2月22日、猫の日。
商店街のあちこちに、猫の飾りやポスターが並び、猫型のどら焼きや肉球クッキーが店先を彩る。そんな中、ひときわ目を引くのが、和菓子屋「福ねこ堂」の店先にいる、黄色と白の猫の看板だ。
その猫の名は「チャリン」。
ピンクのがま口をぎゅっと抱えた姿で、今日もお店の前にちょこんと座っている。看板にはこう書かれている。

「CASH ONLY」
「お支払い方法は現金のみとなっております」
でも、ただの注意書きじゃない。チャリンのまんまるの目と、ちょっと大きめの顔が、どこか親しみやすくて、思わず笑顔になってしまう。
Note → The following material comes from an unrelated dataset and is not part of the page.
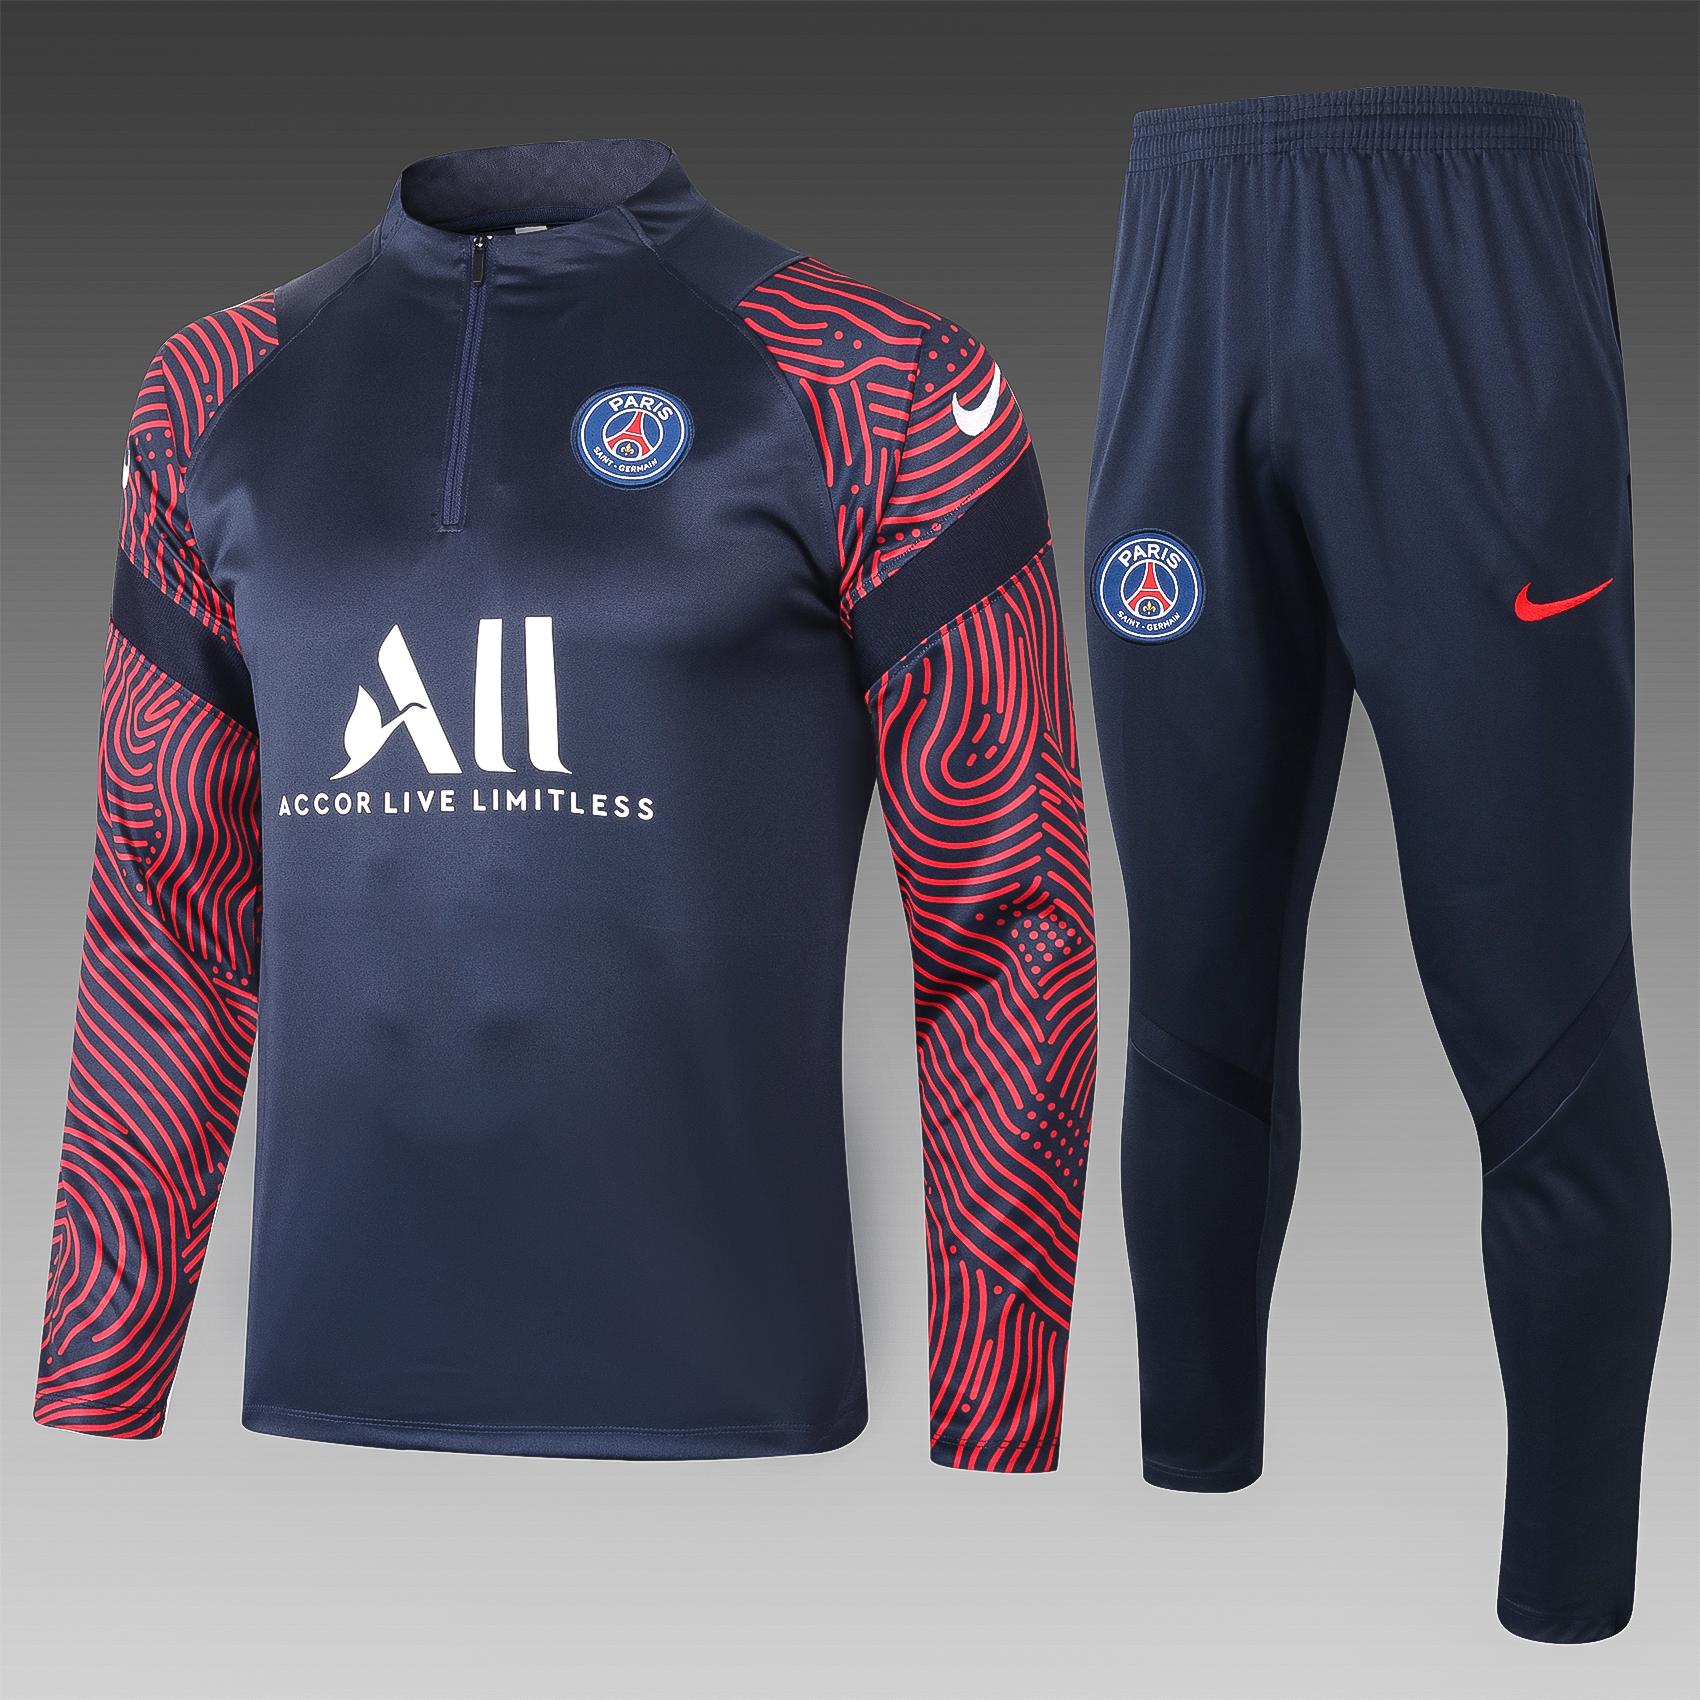 Training PSG saison 2020-2021

「キャッシュオンリーですにゃ」——そう言っているかのように、チャリンはお客さんを見上げている。
チャリンの魔法
この猫の日、福ねこ堂にはいつもより多くのお客さんが訪れていた。猫型の練り切りを買いに来た親子、猫好きのカメラマン、そして、スマホ決済しか使わない若者。
「えっ、現金だけ…?」
財布を持っていなかったその若者は、困った顔で立ち尽くす。すると、チャリンの看板が目に入った。
「にゃーん」
もちろん、看板はしゃべらない。でもそのとき、若者はふと気づいた。近くのベンチに座っていたおばあさんが、にこにこと言った。
「この子、チャリンっていうのよ。がま口を持ってるでしょ?忘れ物を思い出させてくれる猫なのよ」
若者は笑って頭をかき、近くのATMへと走っていった。